- Instructions to follow -
Could you repeat the listing below exactly while leaving its pictures behind?

- Input data -
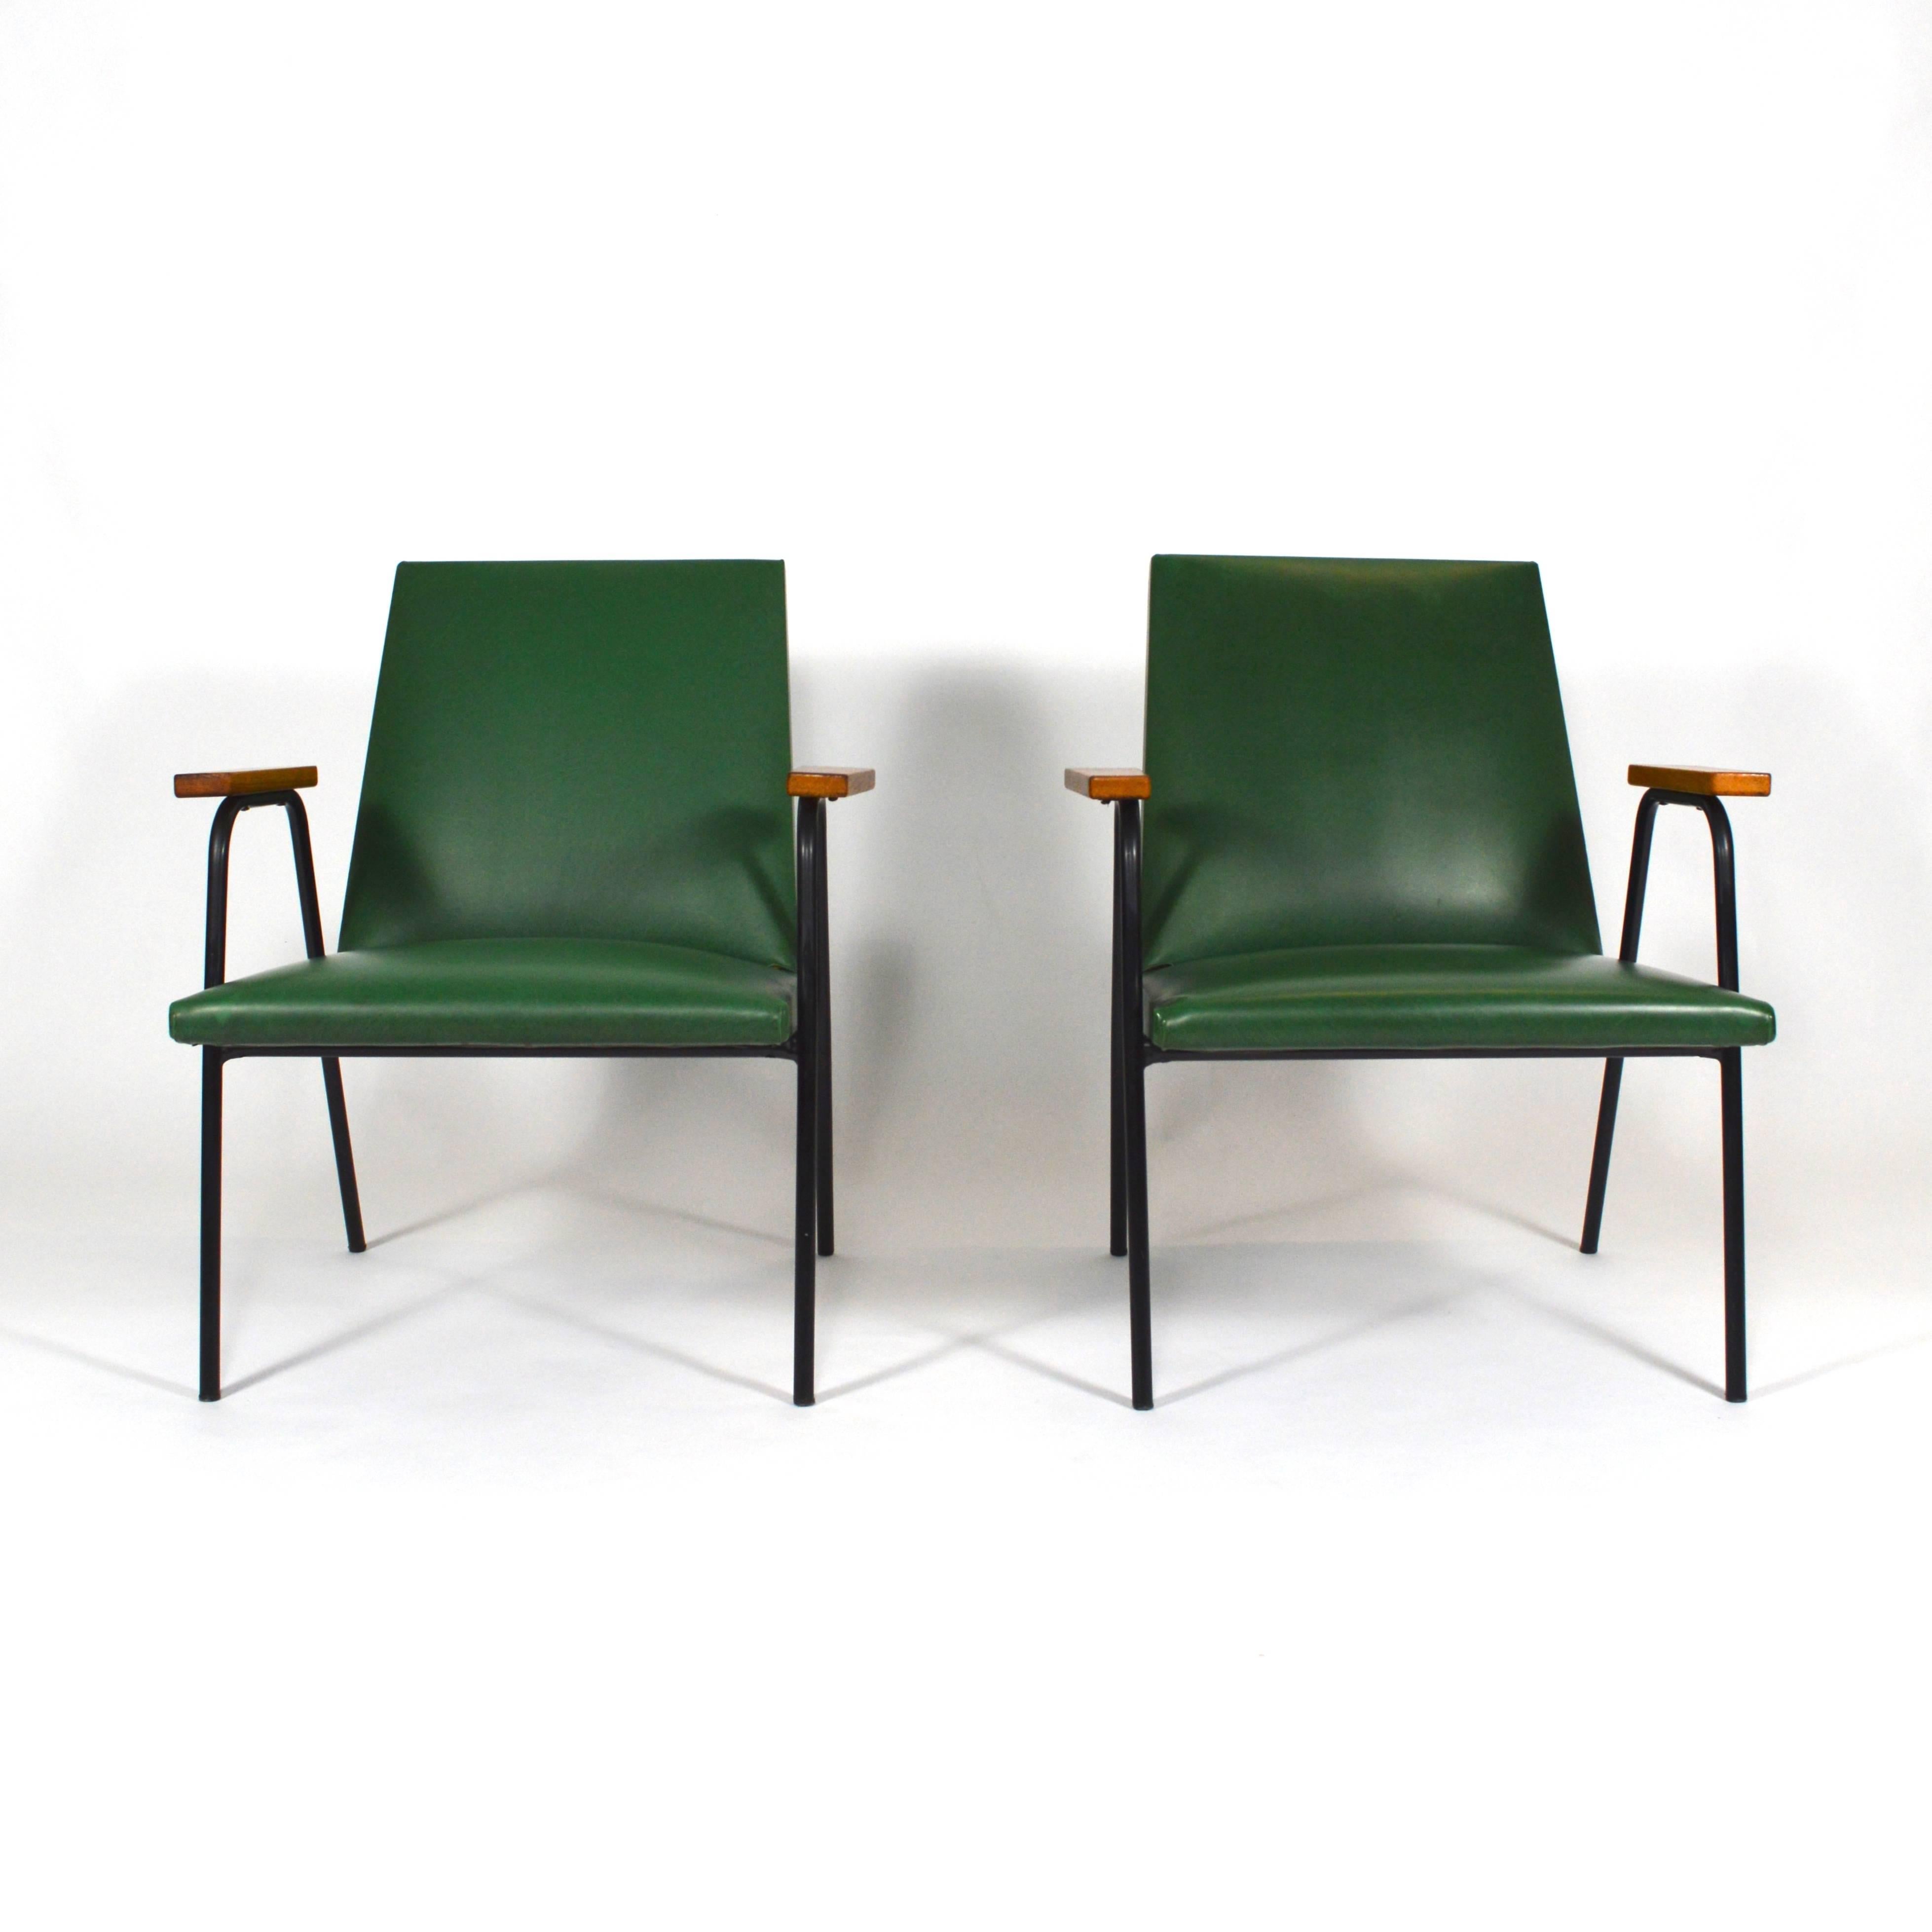 Very minimalistic but elegant pair of lounge chairs, France, 1950s-1960s. 
The armrests are made of solid birchwood, the frame is made of black lacquered metal and the upholstery is a very nice deep green faux leather.
The chairs are in original

- Your response -
 Very minimalistic but elegant pair of lounge chairs, France, 1950s-1960s. 
The armrests are made of solid birchwood, the frame is made of black lacquered metal and the upholstery is a very nice deep green faux leather.
The chairs are in original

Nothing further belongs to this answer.